OK, admit it. You said that just to upset Timber-Rider.

Dear God, My Magic+ has already cost $1.5 BILLION?

Seriously?

Jeff's avatar

And that's a conservative estimate. The local consultants will tell you it's more. The stories of waste and inefficiency are many. If there were a case study in how not to build software, you'd find one there.


Jeff - Editor - CoasterBuzz.com - My Blog

Jeff,

I'm still trying to wrap my head around that. I know that Disney project costs often balloon as people charge time to whatever they can, but how do you get to $1.5B?

Is there some amazingly complex concept that is "under the hood" that most of us don't realize? I mean, the project (as I understand it) doesn't seem "revolutionary" in a technology sense, but instead is just the linking of (for the most part) already extant sub systems. Yes, I know that can be an expensive and clustered task (see Federal Healthcare Exchange Website). But isn't this really nothing more than using a device (Magic Band/Smart phone) to link Point of Sale/Fast Pass/Main Entry etc? Essentially the Starbucks phone app writ large across several systems?

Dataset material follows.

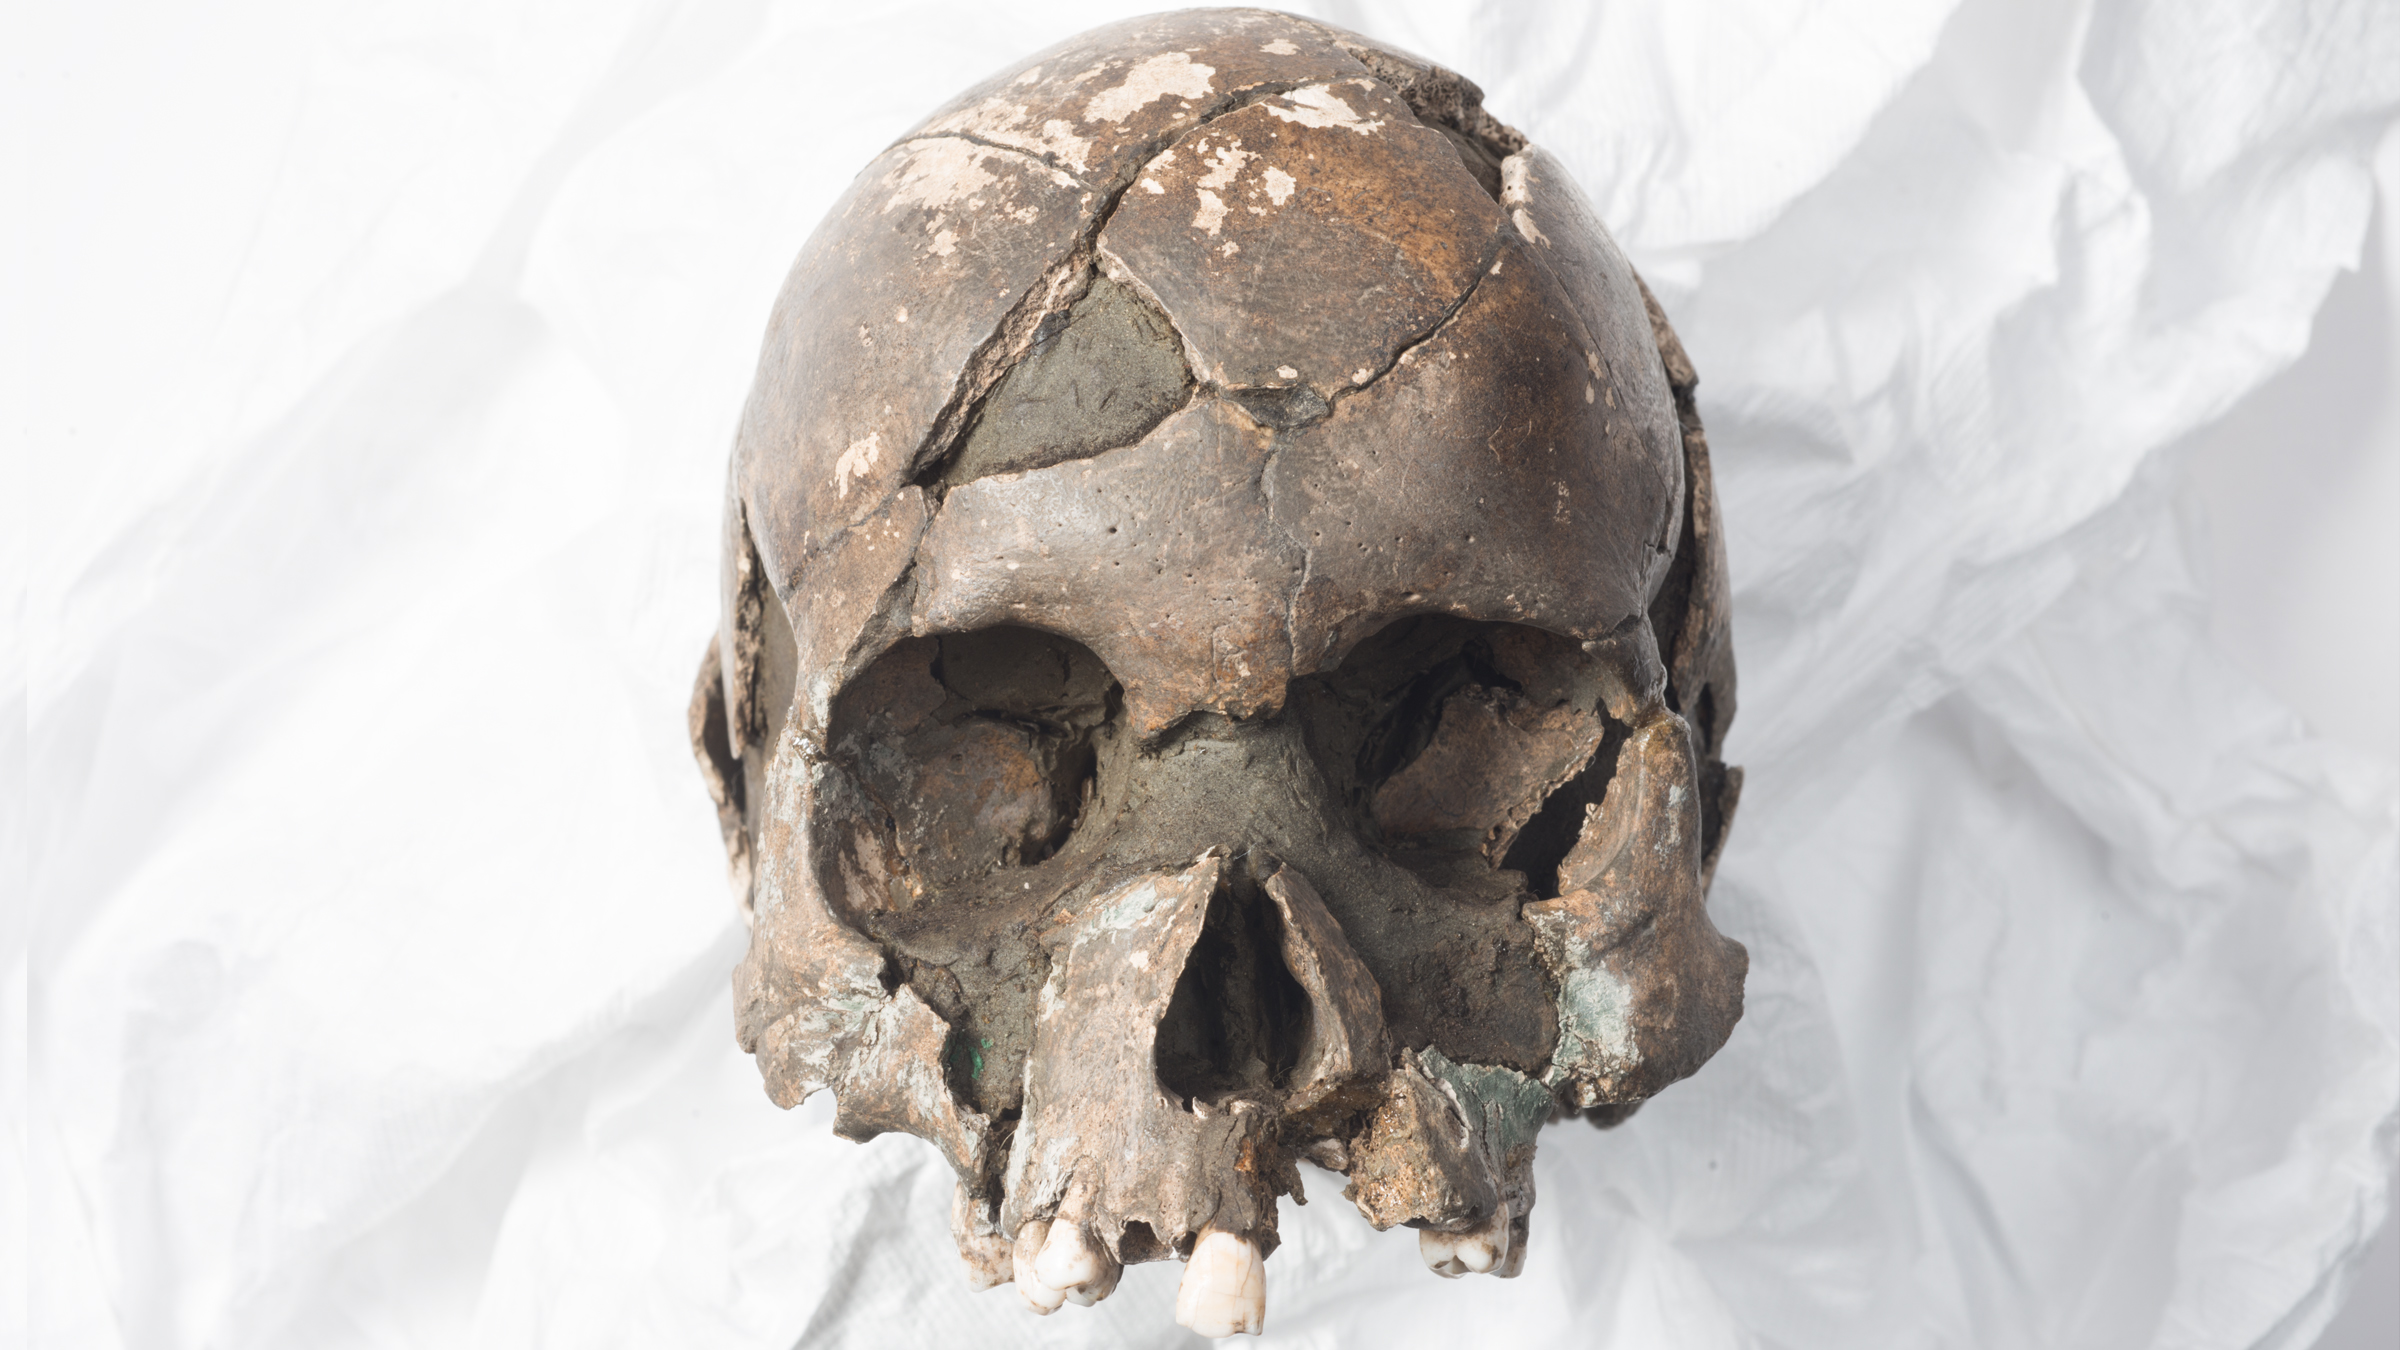 The preserved skull from Vistegutten, Norwegian for

I'm guessing that the majority of the cost isn't the NFC readers at the attractions, but all of the development costs, right?

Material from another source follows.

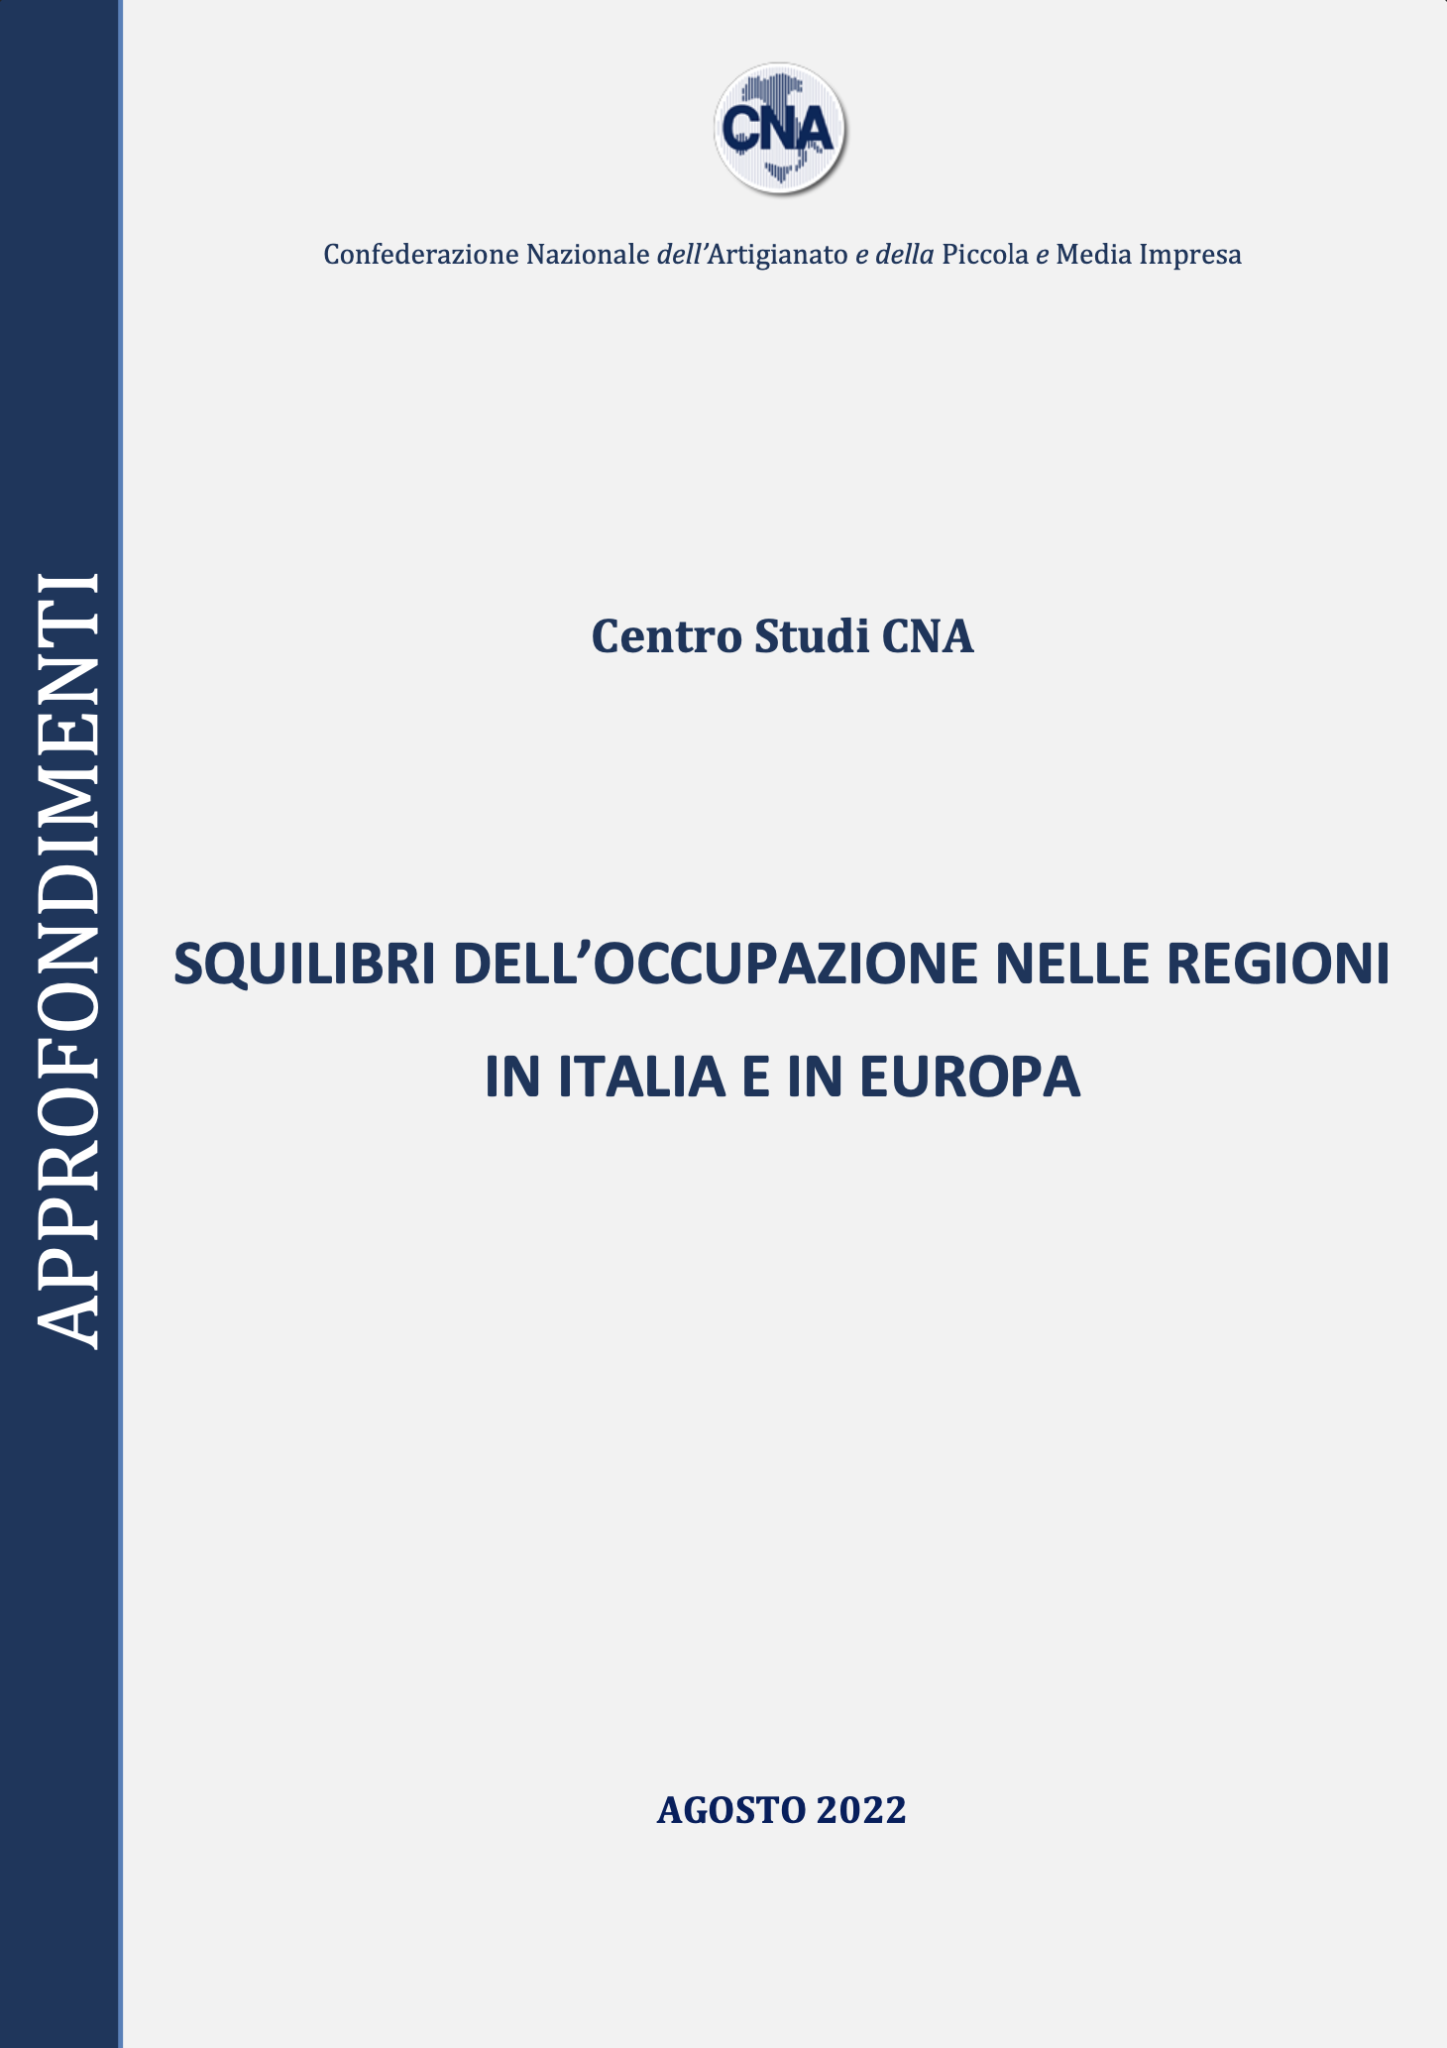 Squilibri dell’occupazione nelle regioni in Italia e in Europa

Last edited by CreditWh0re,
Jeff's avatar

The hardware is a pretty finite part of the expense, I would think. Once they settled on a design for the RFID readers (at turnstiles and attractions, as well as the POS version), I don't imagine that there was much beyond that outside of some firmware updates I've heard about. If I had to guess, integration was the biggest expense. Integration is like the black art of software development, because there's a pretty good chance that the things you have to integrate were never intended to be used in that way. (Disclaimer: I'm not saying that's the case with any specific project I happened to work on at the competition... this is a general statement across all industries.)

So think of it this way: You have individuals and families as these entities that you want to think about. They exist virtually in a ton of different ways, from associations to tickets and MagicBands, rooms and room keys, folio accounts, Fastpasses, potentially cruise or airline passengers, online accounts, etc. Some of those systems were never intended for online, high availability "instant" scale. To compensate for that, there are a lot of tricks you can pull off, but they're not without their problems.

Now take all of that complexity, and spread it across dozens of internal teams, external companies, hardware vendors, consultants, etc. My understanding is that there was some kind of core team in charge of the vision that included something like 100 people across many of those entities. You can imagine how much real work gets done in those situations.

I've talked to some people who were fairly narrow in their scope of responsibility, and the smaller teams who did specific things seemed to be pretty awesome. It was still too many cooks in the kitchen.